* [DESCRIPTION OF THE TASK] What you return should match the data word for word, minus the images.

* [RECORDED INFORMATION]
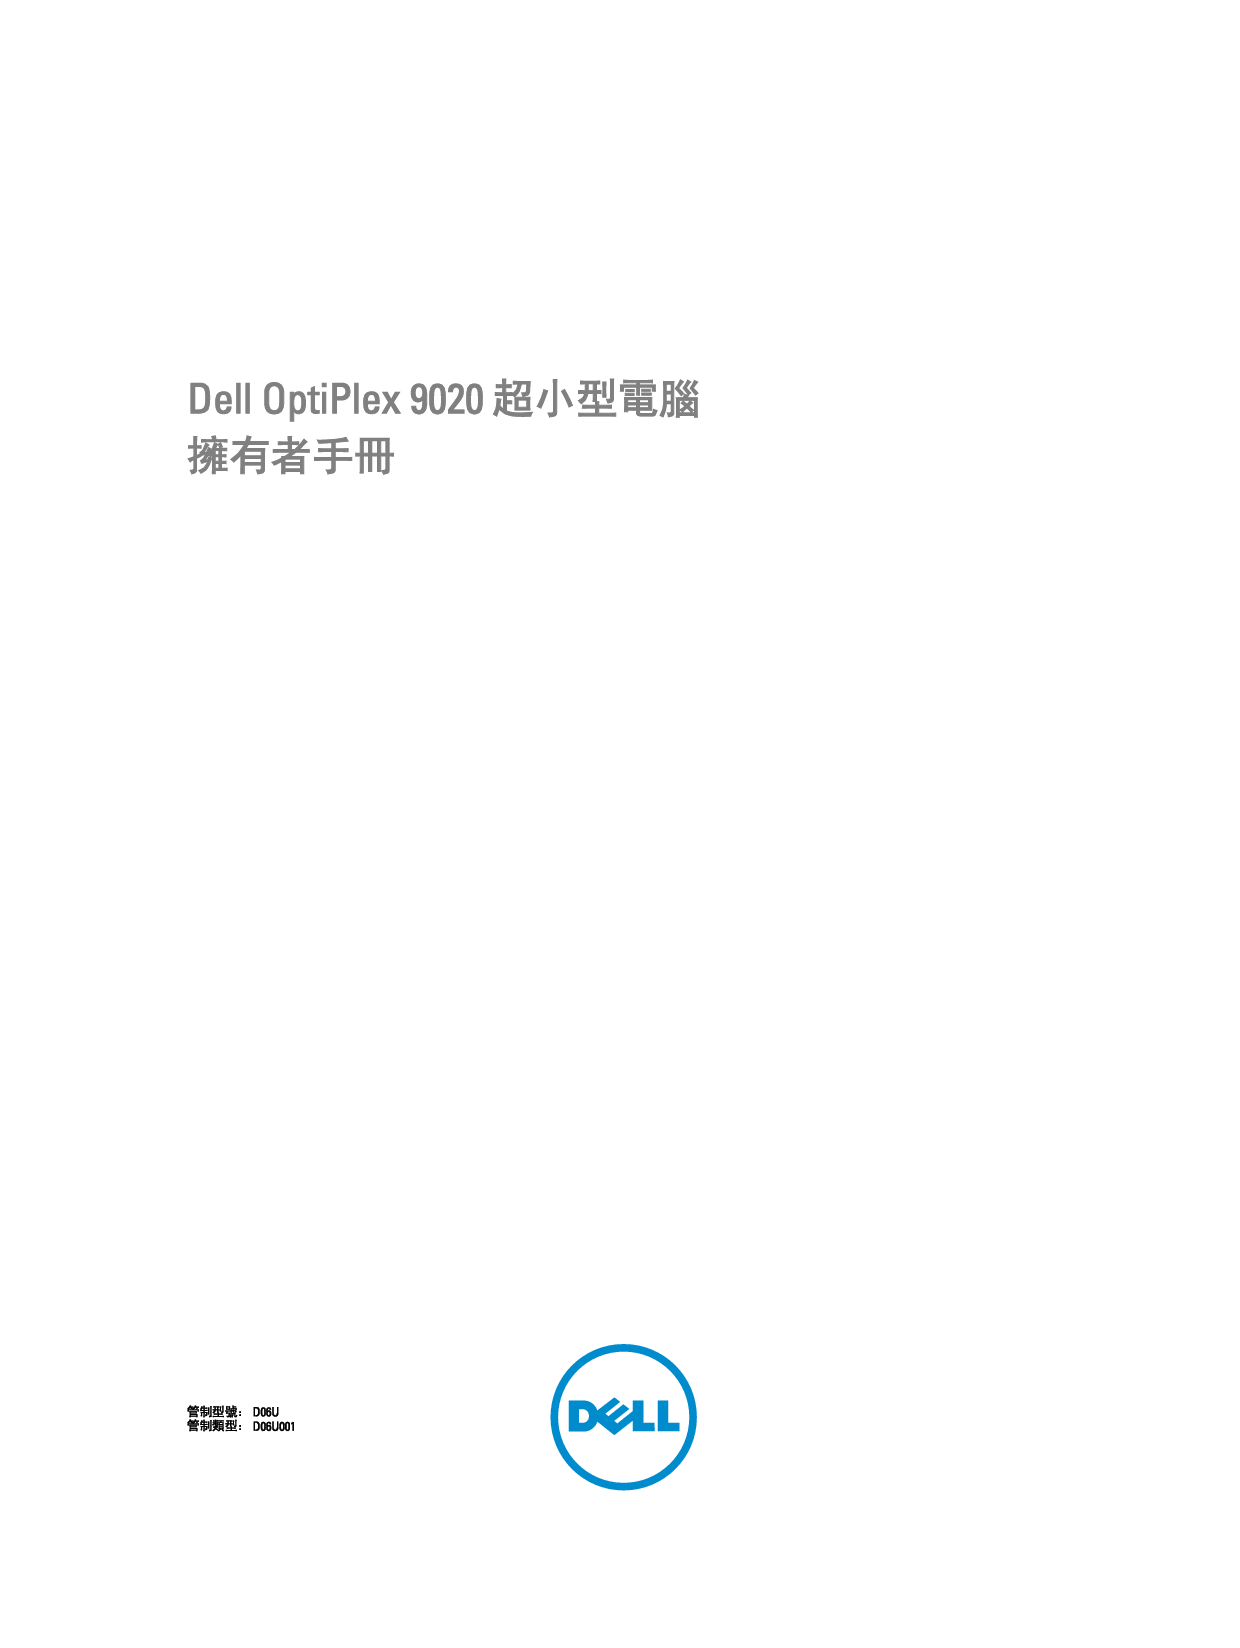 戴尔 Dell Optiplex 9020 超小型 繁体 用户手册 封面
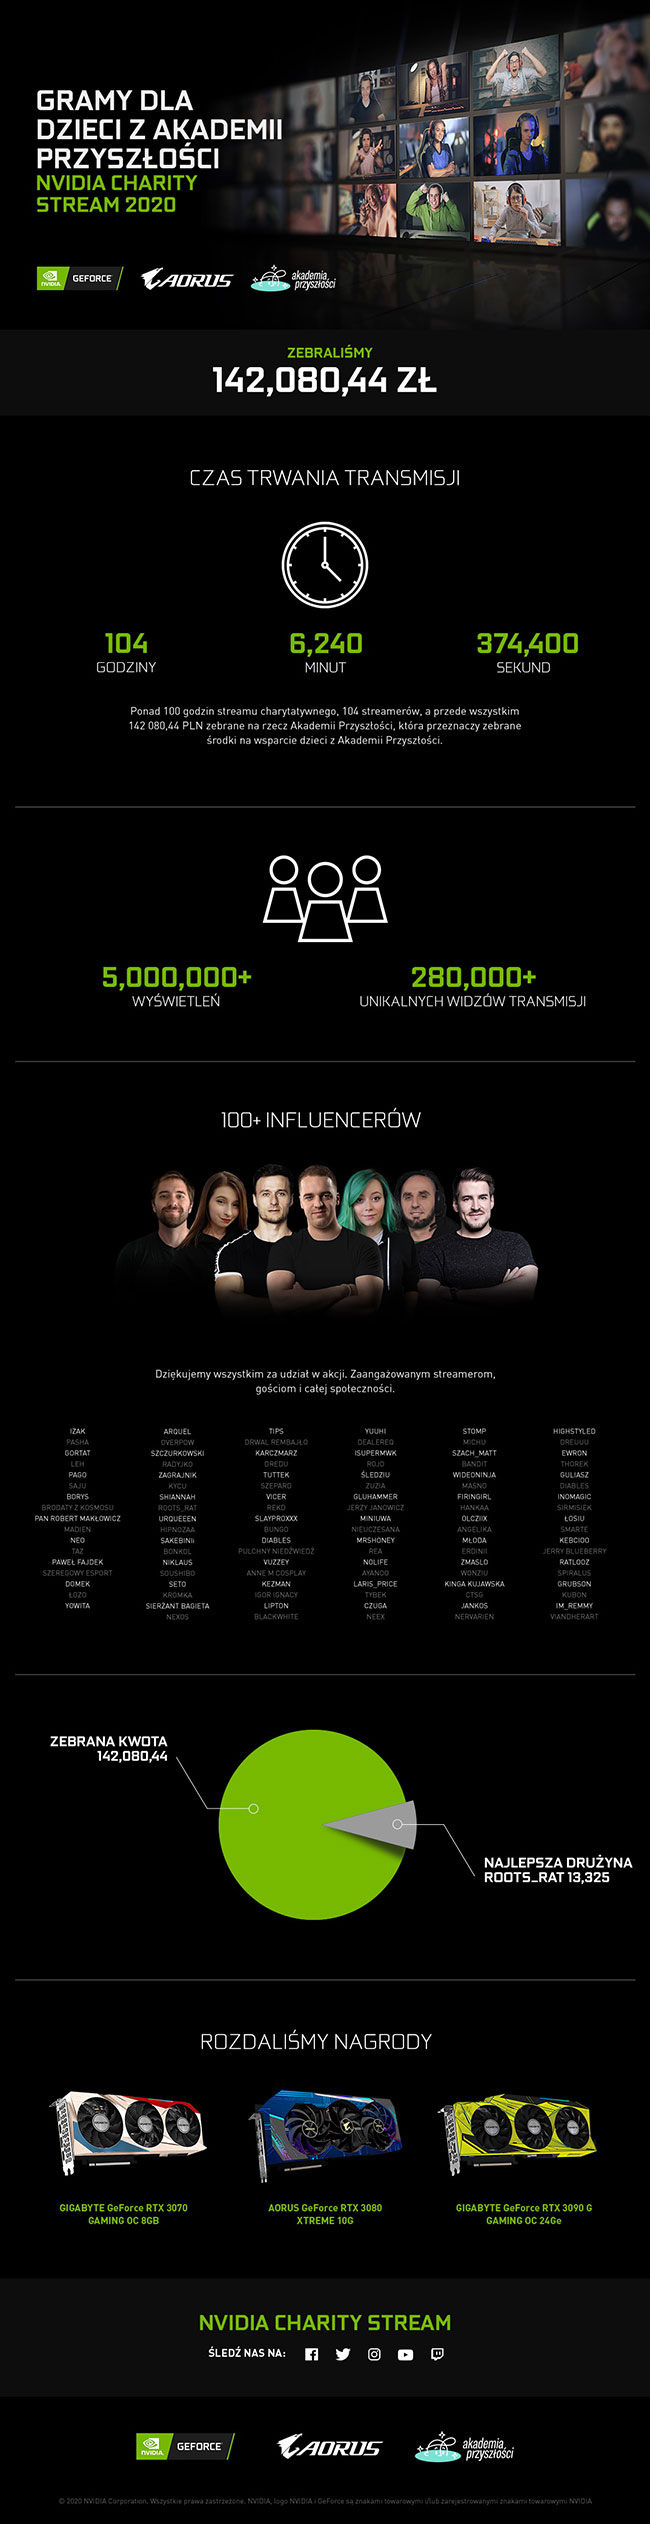 Wielki sukces NVIDIA Charity Stream
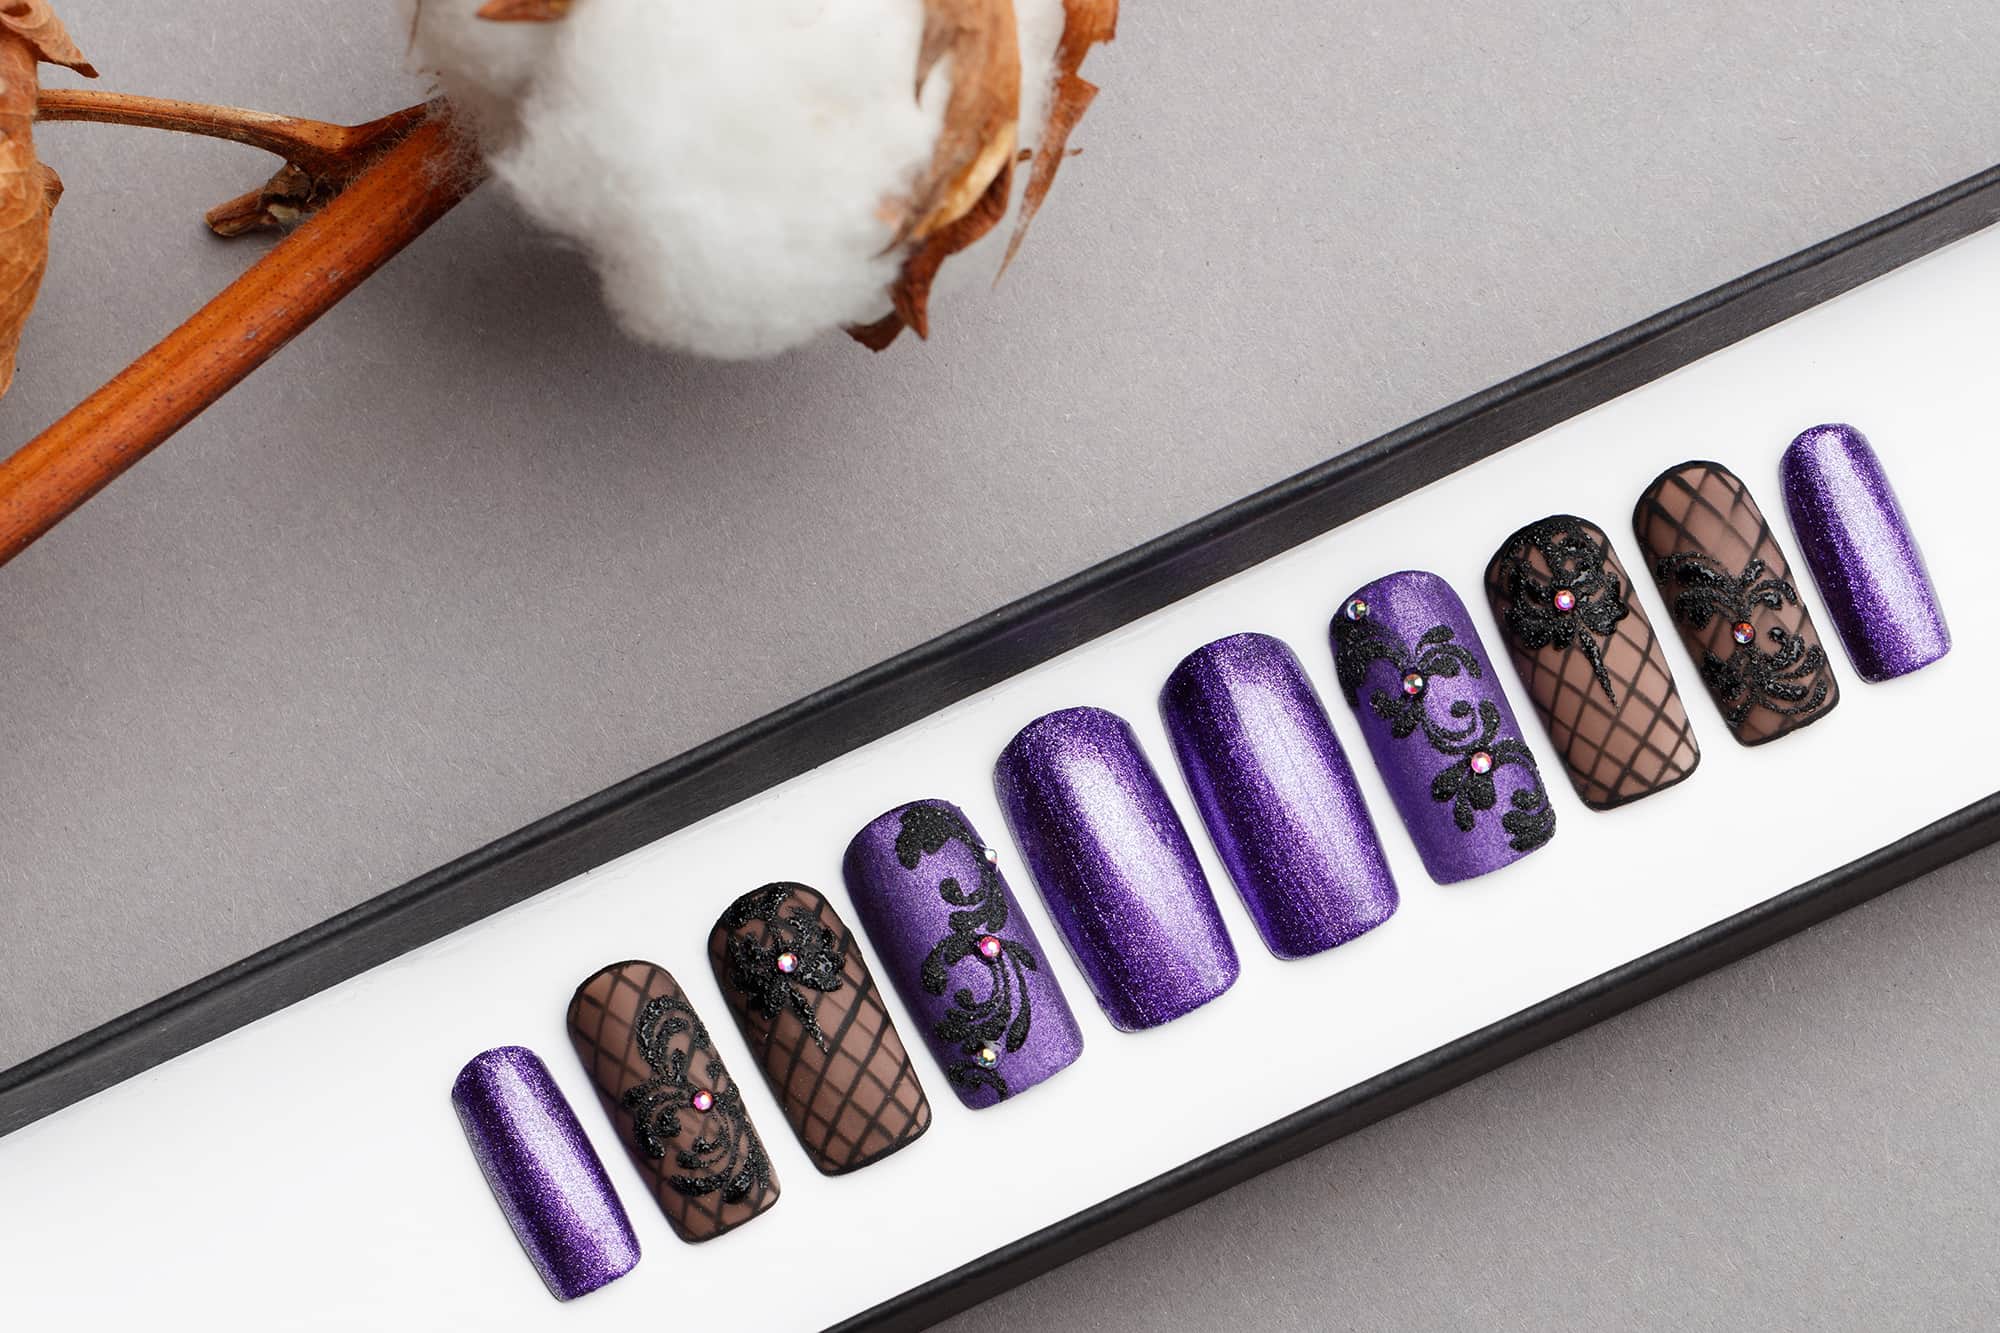 Violet Glitter Press on Nails with Swarovski Crystals | Black Pattern | Hand painted Nail Art | Fake Nails | False Nails

* [ANSWER]
 戴尔 Dell Optiplex 9020 超小型 繁体 用户手册 封面
 Wielki sukces NVIDIA Charity Stream
 Violet Glitter Press on Nails with Swarovski Crystals | Black Pattern | Hand painted Nail Art | Fake Nails | False Nails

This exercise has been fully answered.